In motion planning, high clearance paths are favorable due to their increased visibility and reduction of collision risk such as the safety of problems involving: human- robot cooperation. One popular approach to solving motion planning problems is the Probabilistic Roadman Method (PRM), which generates a graph of the free space of an environment referred to as a roadmap. In this work we describe a new approach to making high clearance paths when using PRM The medial axis is useful for this since it represents the set of points with maximal clearance and is well defined in higher dimensions. However it can only be computed exactly in workspace. Our goal is to generate roadmaps with paths following the medial axis of an environment without explicitly computing the medial axis.

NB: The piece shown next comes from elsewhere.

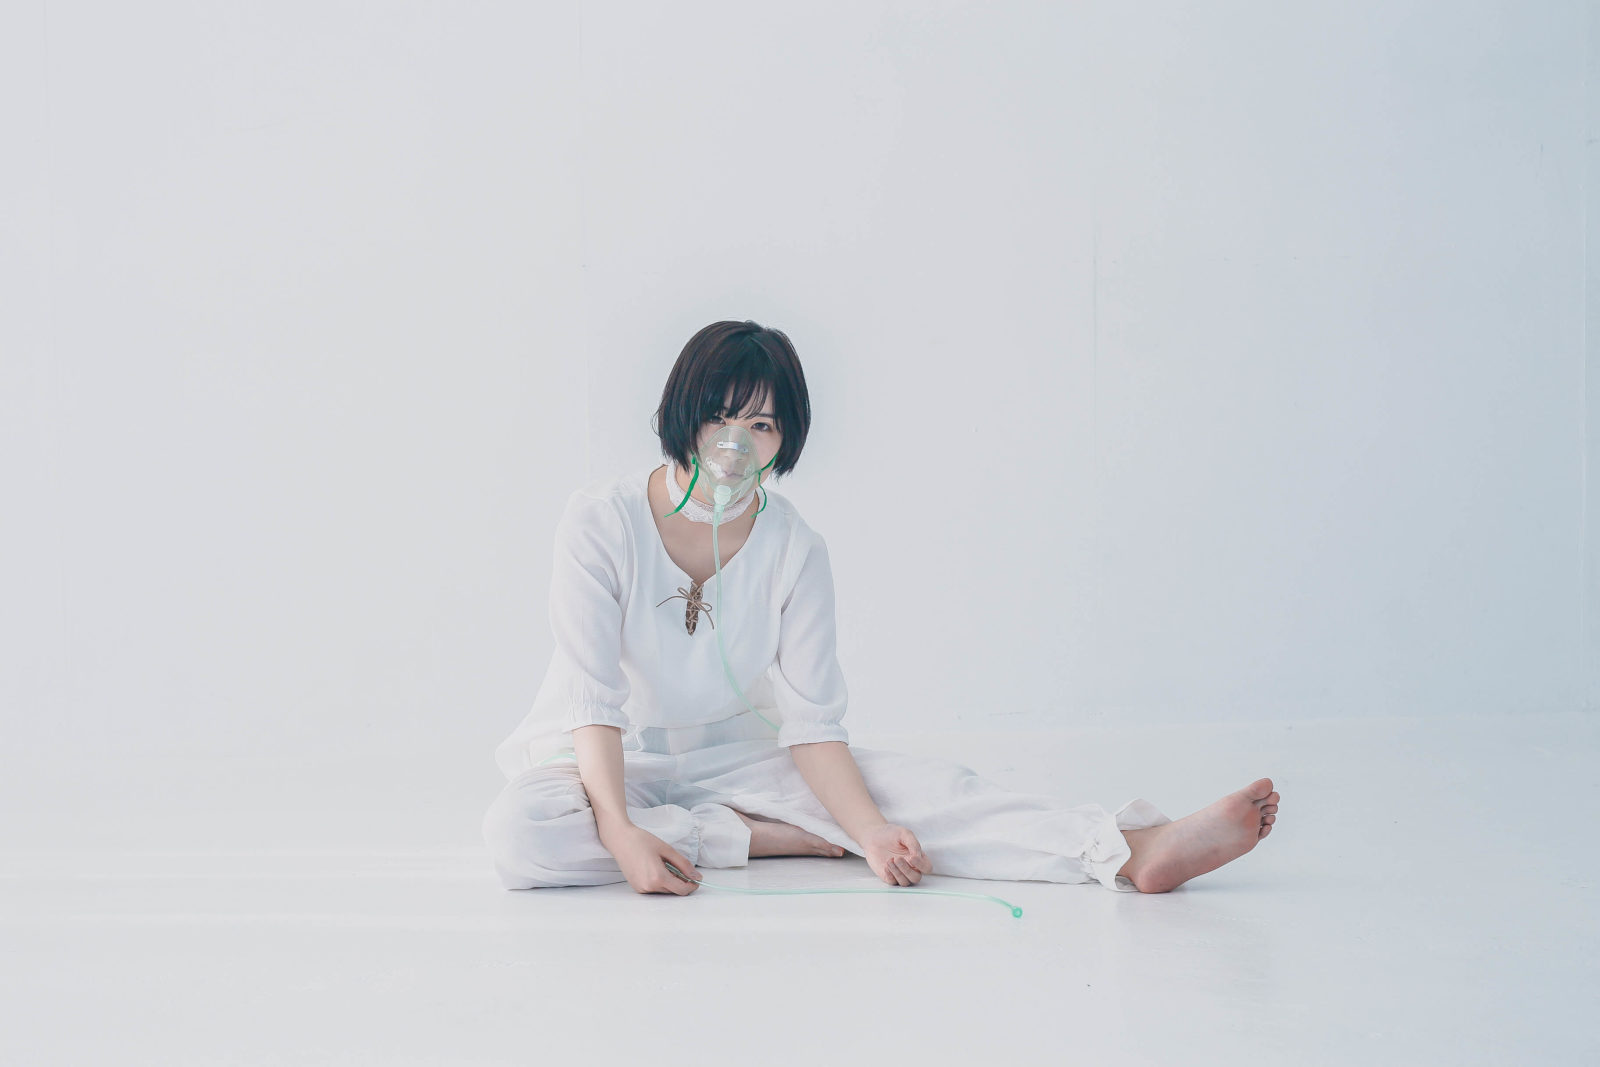 20歳のシンガーソングライター湯木慧、メジャーデビューを発表サムネイル画像

One of the major steps of PRM is local planning: the planning of motion between two nearby nodes PRMs have been used to build roadmaps that have nodes on the medial axis but so far there has been no local planner method proposed for connecting these nodes on the medial axis. These types of high clearance motions are desirable and needed in many robotics applications. This work proposes Medial Axis Local Planner (MALP), a local planner which attempts to connect medial axis configurations via the medial axis. The recursive method takes a simple path between two medial axis configurations and attempts to deform the path to fit the medial axis. This deformation creates paths with high clearance and visibility properties. We have implemented this local planner and have tested it in 2D and 3D rigid body and 8D and 16D fixed base articulated linkage environments. We compare MALP with a straight-line local planner (SL), a typical local planer used in motion planning that interpolated along a line in the planning space. Our results indicate that MALP generated higher clearance paths than SL local planning. As a result, MALP found more connections and generated fewer connected components as compared to connecting the same nodes using SL connections. Using MALP connects noes on the medial axis, increasing the overall clearance of the roadmap generated.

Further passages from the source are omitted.